I am sure Roy Hodgson’s England squad don’t need telling, but, ahead of Tuesday’s must-win clash with Poland, I’m sending them this message, nevertheless: “Let’s have no clowning around at Wembley.” In saying so, I refer, of course, to that fateful night, 40 years ago, when Poland goalkeeper Jan Tomaszewski defied Sir Alf Ramsey’s star-studded team, denying England a place at the World Cup Finals in the process – after being branded a “clown” by Brian Clough.
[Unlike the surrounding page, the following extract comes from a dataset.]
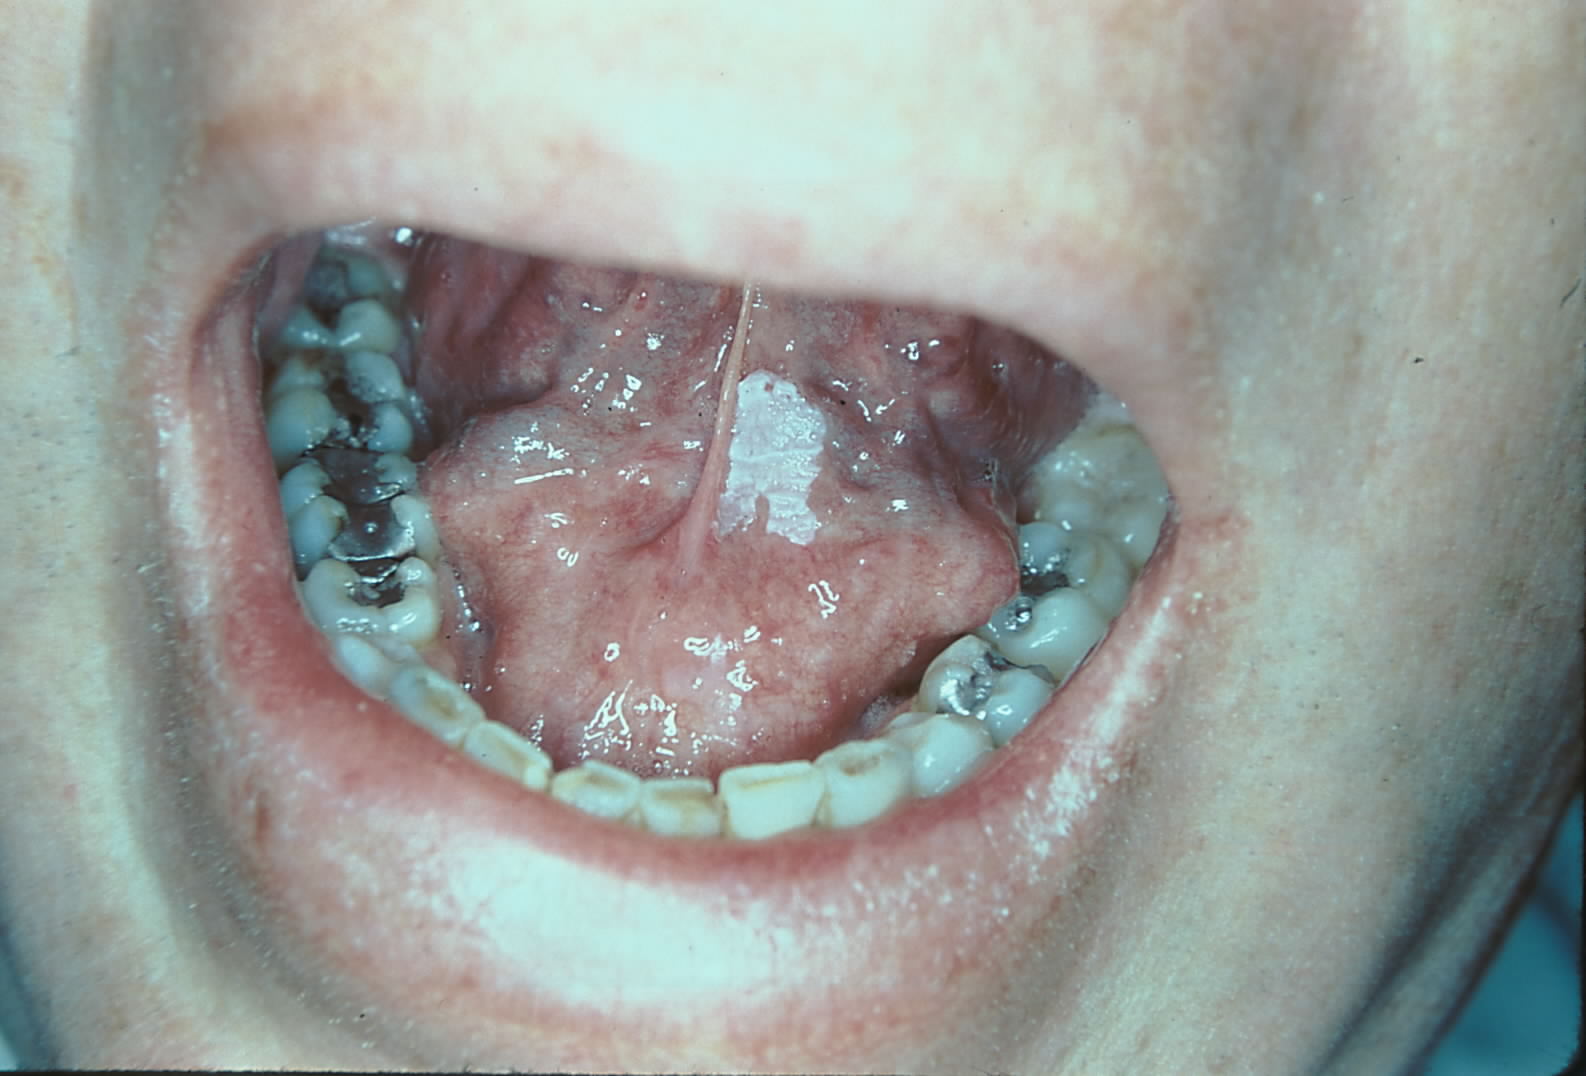 Image of the floor of the mouth with leukoplakia.

Cloughie, presumably, was trying to destabilise the Poles by dismissing their keeper, but the jibe backfired as Tomaszewski produced the display of his life to restrict England to a 1-1 draw, reminding us that any keeper is just as capable of having a blinder as a horror show.
In that match, for example, Peter Shilton, the best English goalkeeper I played with or against, in a golden era that boasted Ray Clemence, Gordon Banks, Peter Bonetti, Joe Corrigan and the two Phil Parkes’s (of Wolves and West Ham), allowed a tame shot from Domarski to go under his body. And that after the legendary Norman “bites yer legs” Hunter had missed a tackle on the halfway line to let Lato speed clear to set up the goal that killed our World Cup hopes. At the other end, the “clown” Tomaszewski was having the night of his life, keeping out the likes of Allan Clarke, Martin Chivers and Mick Channon. Yours truly, by the way, was watching on TV, while recovering from career-threatening back surgery.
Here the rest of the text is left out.